ConcurrentSkipListSet示例
import java.util.*;
import java.util.concurrent.*; /*
* ConcurrentSkipListSet是“线程安全”的集合,而TreeSet是非线程安全的。
*
* 下面是“多个线程同时操作并且遍历集合set”的示例
* (01) 当set是ConcurrentSkipListSet对象时,程序能正常运行。
* (02) 当set是TreeSet对象时,程序会产生ConcurrentModificationException异常。
*
* @author skywang
*/
public class ConcurrentSkipListSetDemo1 { // TODO: set是TreeSet对象时,程序会出错。
//private static Set<String> set = new TreeSet<String>();
private static Set<String> set = new ConcurrentSkipListSet<String>();
public static void main(String[] args) { // 同时启动两个线程对set进行操作!

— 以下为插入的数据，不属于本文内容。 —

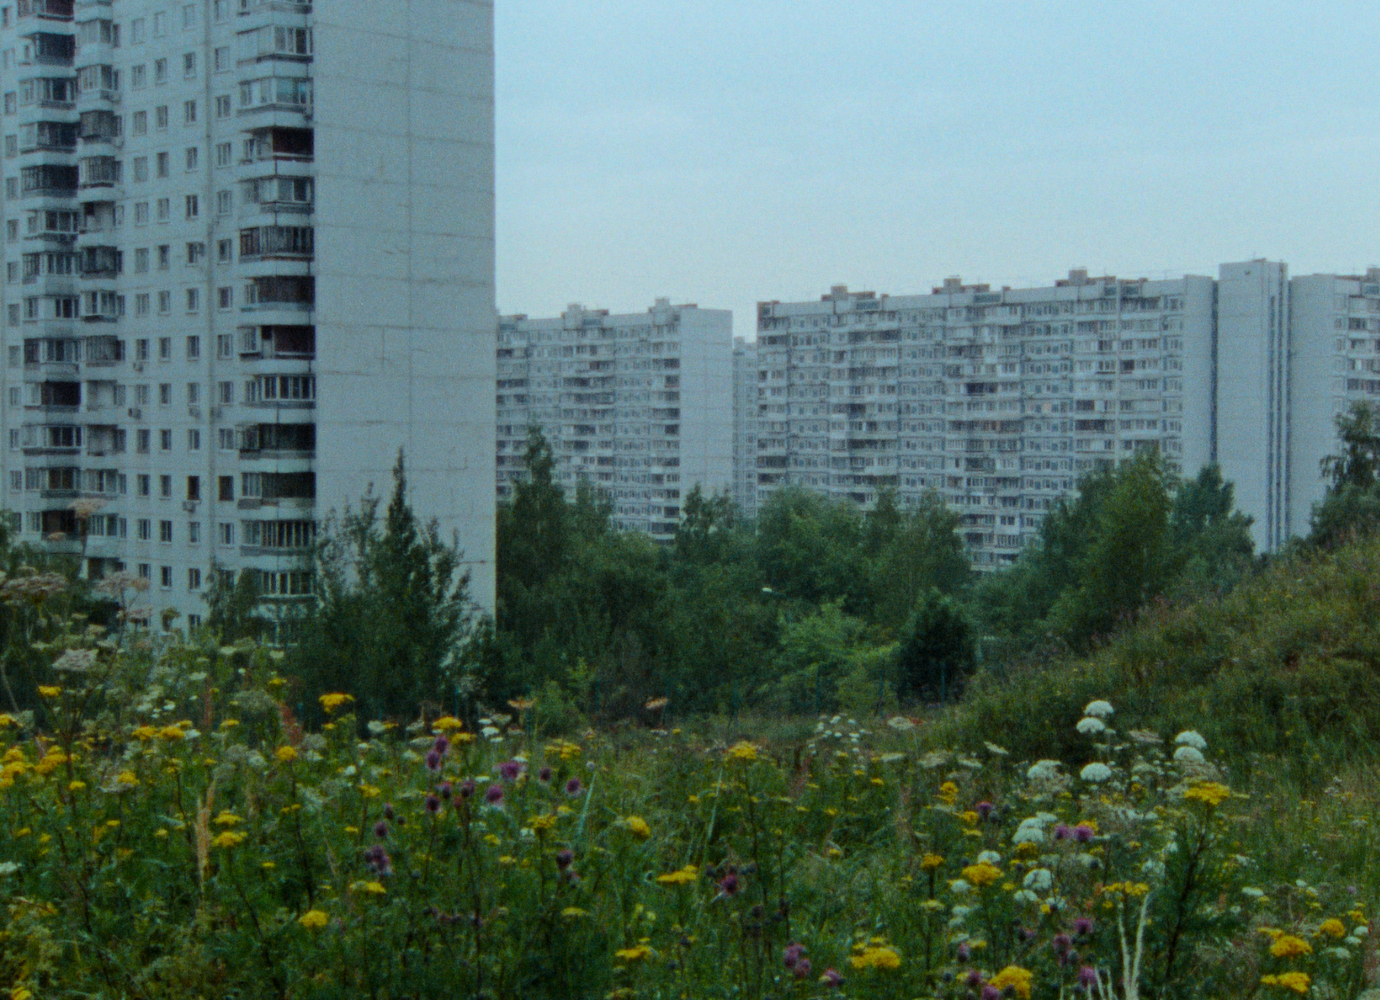 ​​Landscapes of power: Detours looks at Moscow through the eyes of darknet drug deals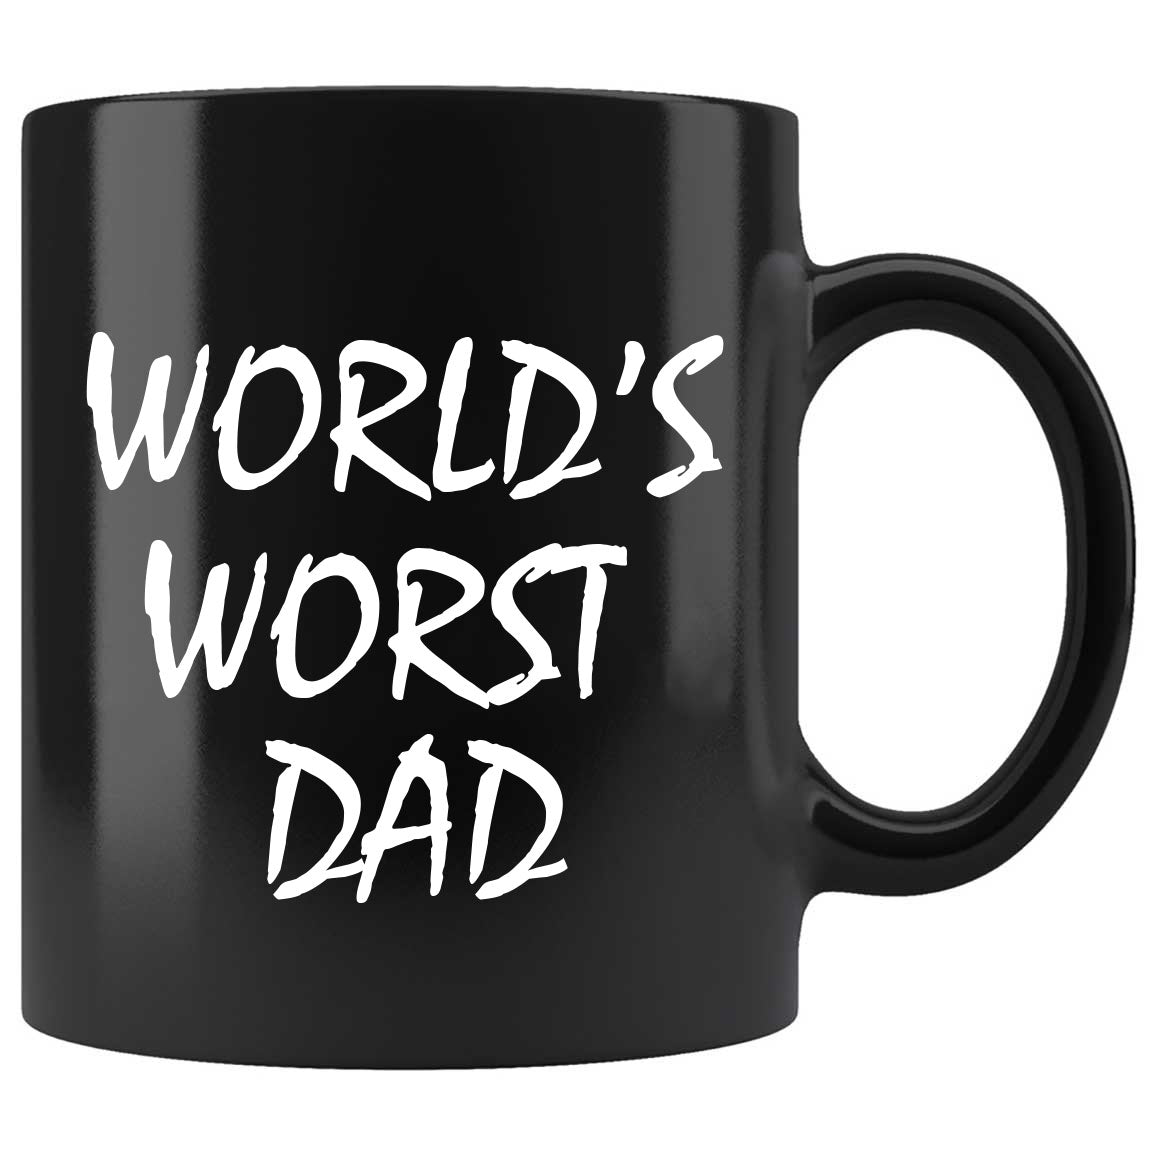 Skitongifts Funny Ceramic Coffee Mug For Birthday, Mother's Day, Father's Day, Christmas PN161221_Worlds Worst Dad

new MyThread("a").start();
new MyThread("b").start();
} private static void printAll() {
String value = null;
Iterator iter = set.iterator();
while(iter.hasNext()) {
value = (String)iter.next();
System.out.print(value+", ");
}
System.out.println();
} private static class MyThread extends Thread {
MyThread(String name) {
super(name);
}
@Override
public void run() {
int i = 0;
while (i++ < 10) {
// “线程名” + "序号"
String val = Thread.currentThread().getName() + (i%6);
set.add(val);
// 通过“Iterator”遍历set。
printAll();
}
}
}
}
(某一次)运行结果:
a1, b1,
a1, a1, a2, b1,
b1, a1, a2, a3, b1, a1, a2, a3, a1, a4, b1, b2,
a2, a1, a2, a3, a4, a5, b1, b2,
a3, a0, a4, a5, a1, b1, a2, b2,
a3, a0, a4, a1, a5, a2, b1, a3, b2, a4, b3,
a5, a0, b1, a1, b2, a2, b3,
a3, a0, a4, a1, a5, a2, b1, a3, b2, a4, b3, a5, b4,
b1, a0, b2, a1, b3, a2, b4,
a3, a0, a4, a1, a5, a2, b1, a3, b2, a4, b3, a5, b4, b1, b5,
b2, a0, a1, a2, a3, a4, a5, b3, b1, b4, b2, b5,
b3, a0, b4, a1, b5,
a2, a0, a3, a1, a4, a2, a5, a3, b0, a4, b1, a5, b2, b0, b3, b1, b4, b2, b5, b3,
b4, a0, b5,
a1, a2, a3, a4, a5, b0, b1, b2, b3, b4, b5,
a0, a1, a2, a3, a4, a5, b0, b1, b2, b3, b4, b5,
a0, a1, a2, a3, a4, a5, b0, b1, b2, b3, b4, b5,
a0, a1, a2, a3, a4, a5, b0, b1, b2, b3, b4, b5,
结果说明:
示例程序中,启动两个线程(线程a和线程b)分别对ConcurrentSkipListSet进行操作。以线程a而言,它会先获取“线程名”+“序号”,然后将该字符串添加到ConcurrentSkipListSet集合中;接着,遍历并输出集合中的全部元素。 线程b的操作和线程a一样,只不过线程b的名字和线程a的名字不同。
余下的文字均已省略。